|
RELACJE
W
bajkowej scenerii Wysokich Taurów
czwarta wyprawa alpejska KSE
31.07-7.08.2021
Maria Dominik
To
nasza czwarta wyprawa w Alpy. Tym razem
wybieramy się w Wysokie Taury leżące w
Alpach Austriackich.
Po nocnej jeździe, jemy pyszne śniadanie u Maryni w
Wiedniu i już w komplecie ruszamy w stronę
gór. Na dojeździe zwiedzamy Hallstatt i
dolne Jezioro Gosau. Były to niezrealizowane
(z przyczyn obiektywnych) punkty programu
naszej poprzedniej wyprawy. Pogoda dopisała, więc udało się zwiedzić
malownicze Hallstatt leżące nad jeziorem o
tej samej nazwie i pospacerować nad dolnym
jeziorem Gosau z nieco ograniczonym widokiem
na masyw Dachstein z jego lodowcem, na
którym spędziliśmy cały dzień dwa lata temu.

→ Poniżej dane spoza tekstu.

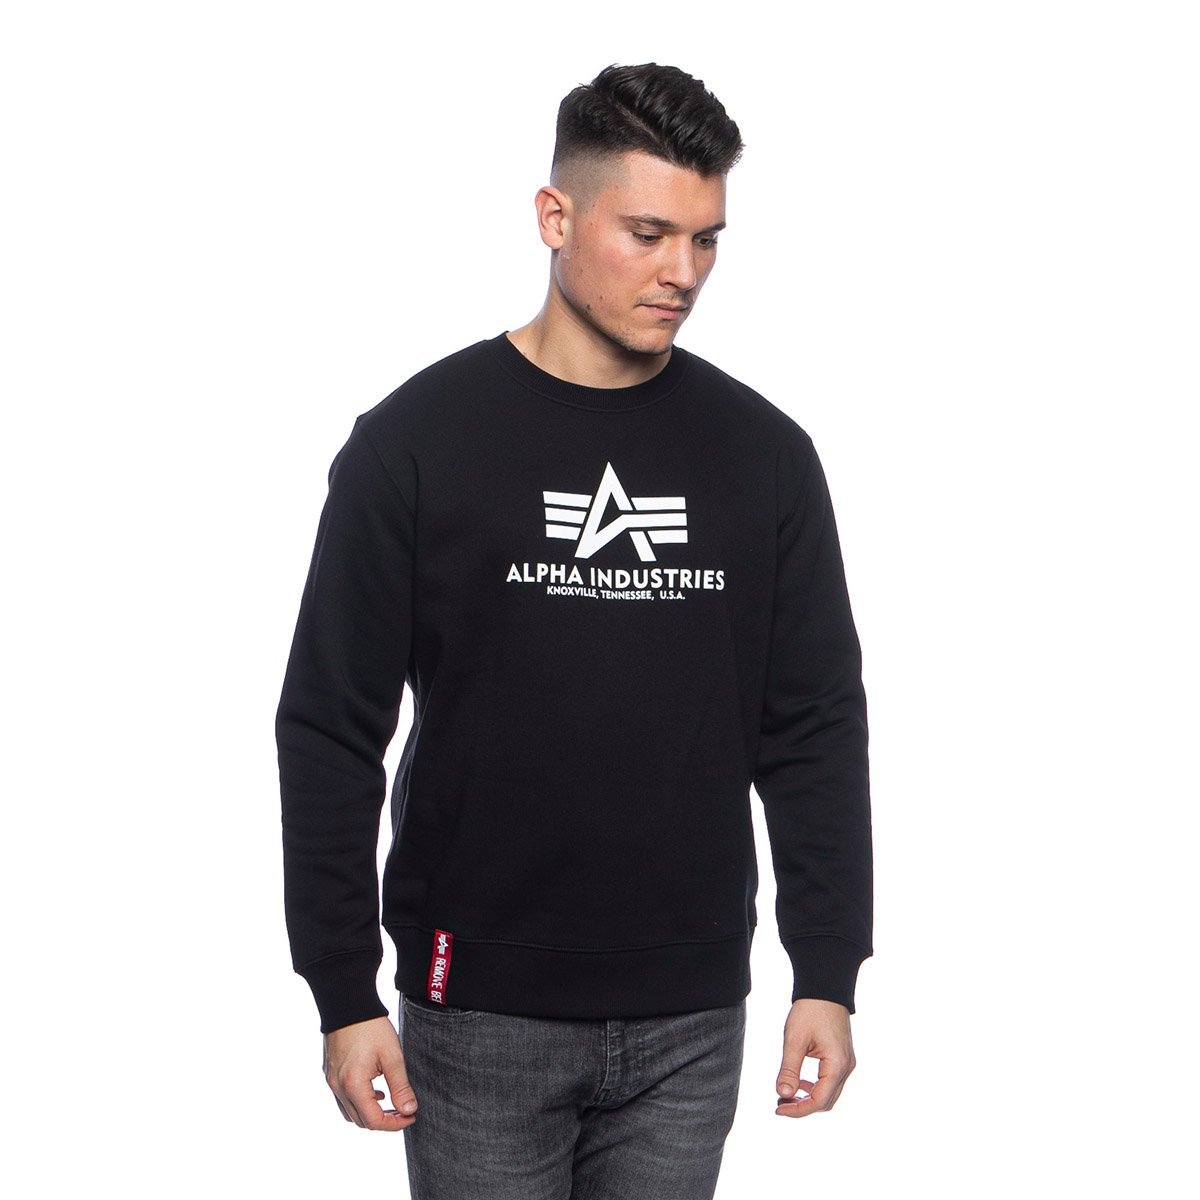 Sweatshirt Alpha Sweater Industries black Basic

Rozpadało się dopiero w Bad Gastein leżącym
w najciekawszej dolinie regionu Salzburga –
Gasteinertal.
Otoczona górami, z
mnóstwem szlaków do górskich wędrówek, a
przy tym bogata historycznie i kulturalnie.
Do odwiedzenia zapraszają tu miejscowości
Dorfgastein, Bad Hofgastein oraz położona
niesamowicie malowniczo Bad Gastein - nasza
baza na cały tydzień.
Dzień
drugi
alpejskiej przygody przeznaczamy na
poznawanie gór otaczających miejscowość.
Wyjeżdżamy z Bad Gastein dwuetapową kolejką
na Graukogel. Ze względu na burzową pogodę
rezygnujemy ze zdobycia wymagającego szczytu
Graukogel 2492 m npm. Kierujemy się nad
pięknie położone wysokogórskie jezioro
Palfnersee 2074 m npm. Co prawda jezioro odsłoniło się
nam na chwilę, ale otaczające je góry
niestety spowijała mgła. Ponieważ zaczynała
się burza, więc zeszliśmy z powrotem do
kolejki. Pomimo fatalnej pogody udało się
zrealizować część zaplanowanej trasy. Po
południu pławiliśmy się w termach radonowych
w Bad Gastein.
Trzeci dzień
alpejskiej przygody. Tym razem udało się
zrealizować zaplanowaną trasę w całości.
Pogoda dopisała. Wyjechaliśmy kolejką linową
z Bad Gastein na Stubnerkogel 2230 m npm,
gdzie odbyliśmy powietrzny spacer po
ażurowym moście zawieszonym nad przepaścią.
Z tarasów widokowych, z których słynie
szczyt widać było głównie chmury, więc
szybko wyruszyliśmy na trasę. Najpierw
szlakiem 111 na Tischkogel 2409 m npm i
Zitterauer Tisch 2461 m npm, skąd zeszliśmy
na pełną alpejskich kwiatów przełęcz
Miesbichscharte 2237 m npm, gdzie przy
pięknej pogodzie podziwialiśmy otoczenie
jeziora Unterer Bockhartsee. Dalej
wędrowaliśmy dookoła jeziora i po odpoczynku
w schronisku zeszliśmy do Sportgastein, skąd
autobusem wróciliśmy do Bad Gastein.
Czwartego
dnia naszej
wyprawy w Wysokie Taury, jedziemy tunelem
kolejowym na południową stronę pasma do
Mallnitz. Wyjeżdżamy dwuetapową kolejką na
wysokość 2600 m npm. Wędrujemy na Ankogel
3252 m npm. Warunki ekstremalne, skały
pokryte cienką warstwą świeżego śniegu.
Poddajemy się na Małym Ankogelu 3096 m npm.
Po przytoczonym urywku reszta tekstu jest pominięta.